The role of quantum mechanical coherences or coherent superposition states in excited state processes has received considerable attention in the last two decades owing much to advances in ultrafast laser spectroscopy. The existence of coherence effects shows promise for enhancing the efficiency and robustness of functionally relevant processes, even when confronted with strong energy disorder and environmental fluctuations. Therefore, an in-depth understanding of coherence propels us to push the frontier to the grand challenge of using optical control of coherence to improve functions or create new ones in molecular and material systems. In this frontier, the role of electronic and vibrational interplay, or more specifically the role of vibrations in directing electronic dynamics, has emerged as the leading principle, where two energetically disparate quantum degrees of freedom work in-sync to dictate the trajectory of an excited state reaction. Moreover, with the vibrational degree being directly related to the structural composition of molecular or material systems, new molecular designs could be inspired by tailoring certain structural elements.

In this talk, I envision acquainting the quantum world of molecules to physicists. I will summarize essential aspects concerning the interplay of electronic and vibrational dynamics afforded from state-of-the-art ultrafast laser spectroscopy in three exemplary processes: photo-induced electron transfer, singlet-triplet intersystem crossing, and intramolecular vibrational energy-driven energy flow in molecular systems. More precisely, I will showcase crucial experimental signatures that offer deeper insights into the complex electronic-vibrational trajectories encompassing excited states. I will discuss rapid decoherence—loss of phase and amplitude correlations—of vibrational coherences along promoter vibrations in comparison to spectator coherences in a near-ballistic (~30-femtosecond time constant) electron transfer reaction in the Marcus-inverted region and during a sub-picosecond intersystem crossing dynamics in a series of binuclear platinum complexes. The rapid decoherence depicts the vibration-driven reactive pathways from Franck-Condon state to the curve crossing region. I will also discuss the generation of new vibrational coherences induced by impulsive reaction dynamics—not by the laser pulse—in these systems which informs on specific energy dissipation pathways and thereby on the progression of the reaction trajectory in the vicinity of the curve crossing on the product side. While the decoherence or impulsive generation of vibrational wavepackets has emerged as a prominent indicator of the interplay of electronic dynamics and vibrations, the other property of vibrational coherences, amplitude, also relays how energy can flow from one vibration to another vibration in the electronic excited state. 

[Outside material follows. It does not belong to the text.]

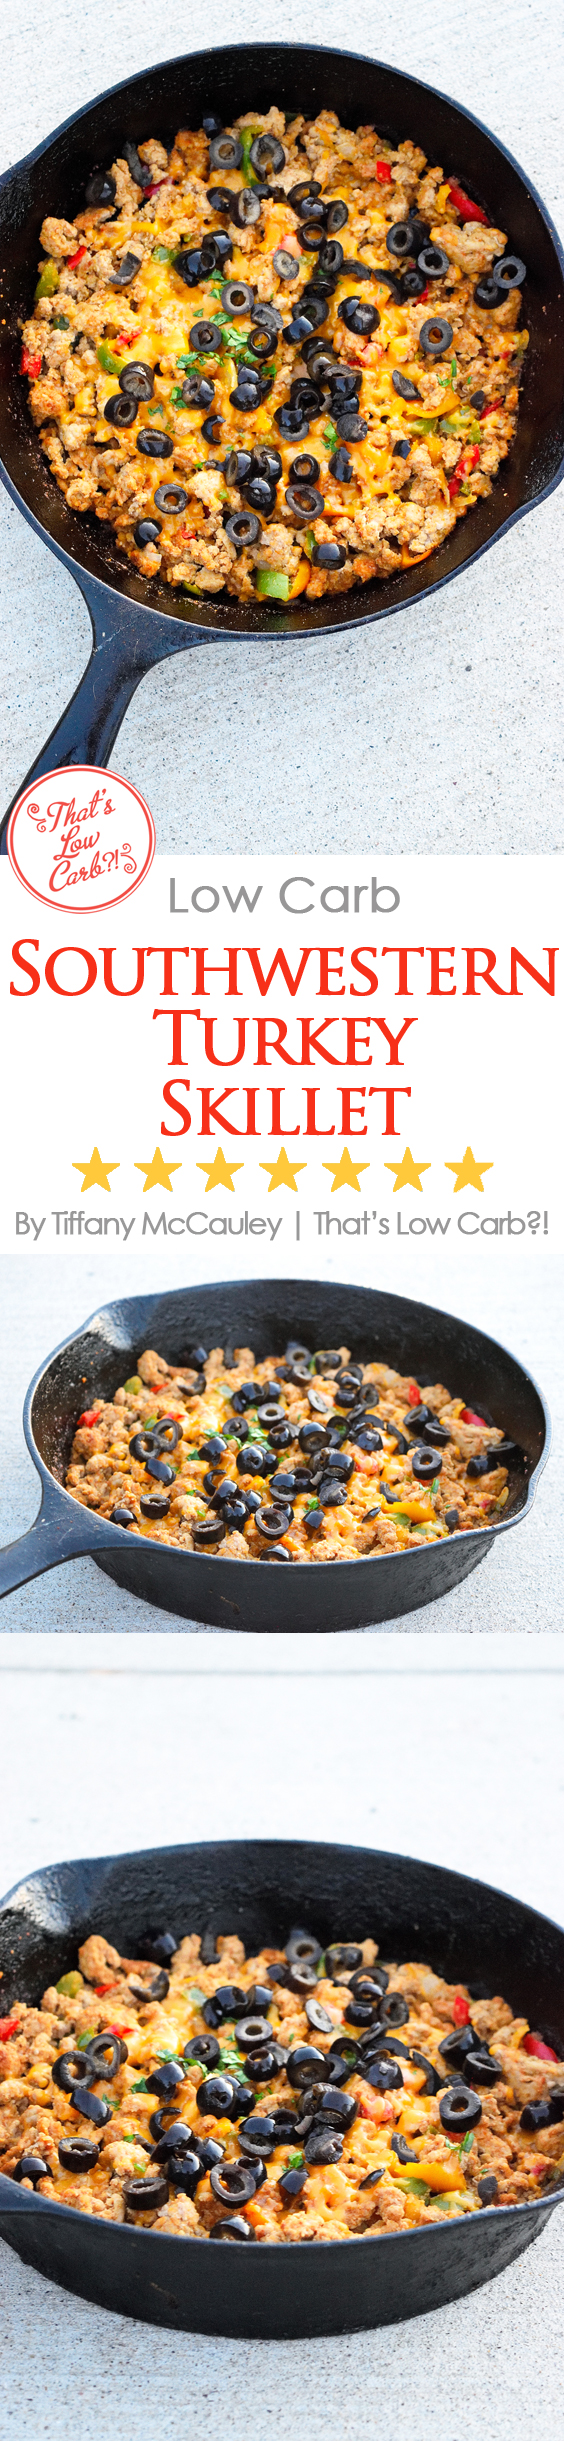 Low Carb Southwestern Turkey Skillet Recipe

From these studies, we learn that superposition states along vibrations that are part of the complex reactive trajectories are extremely sensitive to electronic dynamics. Thus, vibrational superposition states act as quantum mechanical windows for visualizing the interplay of electronic and vibrational dynamics. This frontier could change the outlook on how vibrations might soon become a control element in the hands of a chemist, influencing the outcome of a reaction.